Un entrepreneur local multiplie les ouvertures en périphérie bordelaise
Téléphone à l'oreille, cafetière à la main. Il est à peine 9 heures, et Romain Cazalas, 33 ans, gère déjà un dégât des eaux dans l'un de ses restaurants. « Faire passer l'assurance n'est pas simple », s'excuse-t-il, habitué à jongler avec mille détails. Originaire de Villenave-d'Ornon, il vient d'inaugurer Basta Cucina, une trattoria italienne, dans sa ville natale. C'est son onzième établissement ouvert depuis 2015 et son deuxième à Villenave-d'Ornon, où il possède déjà la Guinguette du coq.
Une croissance impressionnante en dix ans
Le groupe Le Coq, fondé par Romain Cazalas, compte désormais sept restaurants dans la métropole bordelaise, notamment à La Teste-de-Buch, Mérignac, Le Bouscat, Bègles et Bordeaux. Avec un chiffre d'affaires de 2,5 millions d'euros prévu pour 2025, l'entrepreneur vise les 3 millions et 40 employés en 2026. Un succès bâti sur une décennie, grâce à une stratégie simple : miser sur l'émergence des quartiers périphériques autour de Bordeaux.
Une stratégie axée sur les zones résidentielles
Basta Cucina, situé place de Courréjean sur la route de Cadaujac, illustre parfaitement cette approche.
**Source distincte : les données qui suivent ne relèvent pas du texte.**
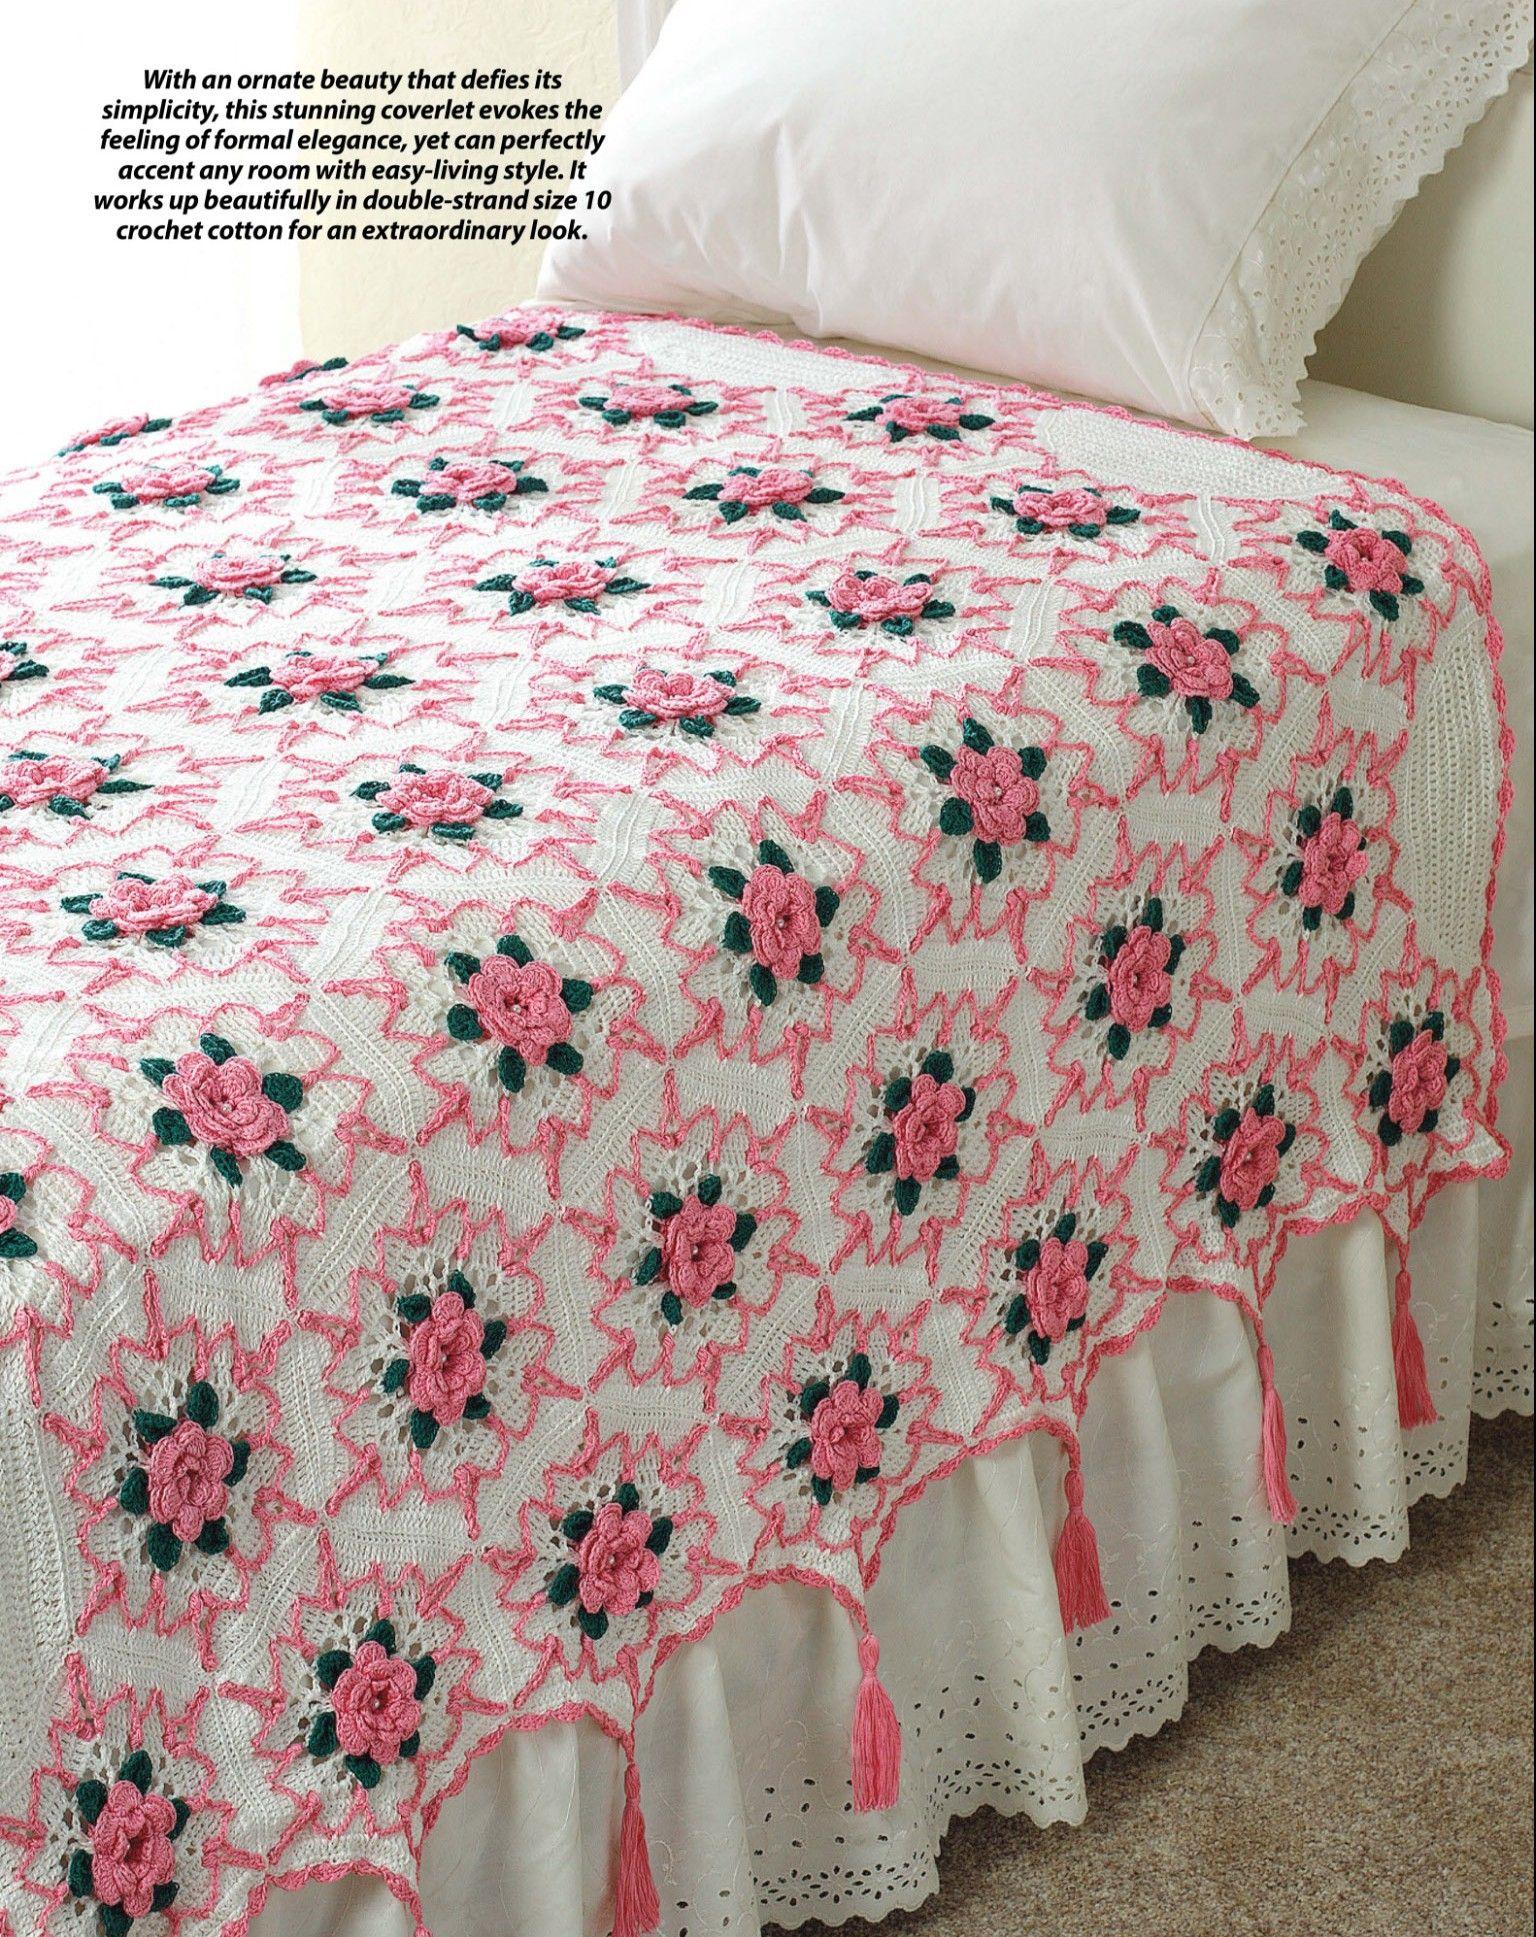 Crochet rose splendor bed coverlet crochet bedspreads rose splendor heirloom afghan throw to crochet blanket pattern sheet bankloansurffo Choice Image

À proximité, les immeubles de Geneste, construits il y a moins de dix ans, abritent 3 000 habitants. « La pizza napolitaine traditionnelle explose. On voulait la sortir des centres-villes pour une clientèle locale », explique Romain Cazalas. « La ville centre est moins accessible, s'y rendre devient plus cher. Nos clients veulent consommer près de chez eux, sans se soucier de reprendre le volant. »
Pour ce projet, il a investi 100 000 euros pour reprendre l'ancien Chai d'Ornon, une mise modérée. Il vise un ticket moyen entre 25 et 30 euros le soir, avec une philosophie : « Manger simplement, avec des produits de saison. Je n'ai jamais décroché de ce que j'ai appris à la Tupina. »
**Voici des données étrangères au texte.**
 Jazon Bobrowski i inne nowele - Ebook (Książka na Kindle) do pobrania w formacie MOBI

Des débuts modestes à une expansion rapide
Romain Cazalas a fait ses armes comme serveur à la Tupina, un restaurant renommé de Bordeaux, après un BEP au lycée hôtelier de Talence. « Très vite, j'ai eu envie de mon propre restaurant. » À 22 ans, il ouvre son premier établissement avec peu de moyens. « Les quartiers excentrés permettaient de s'installer pour des coûts faibles, en reprenant des affaires fermées. Il fallait les remonter, puis les vendre ou les conserver. Avec un peu de savoir-faire, on a pu multiplier par cinq ou dix certains chiffres d'affaires. »
Déjà, il travaille sur deux ouvertures futures, poursuivant ainsi son expansion dans la région bordelaise. Son parcours démontre comment une vision centrée sur les besoins locaux et une gestion prudente peuvent transformer une petite entreprise en un groupe florissant.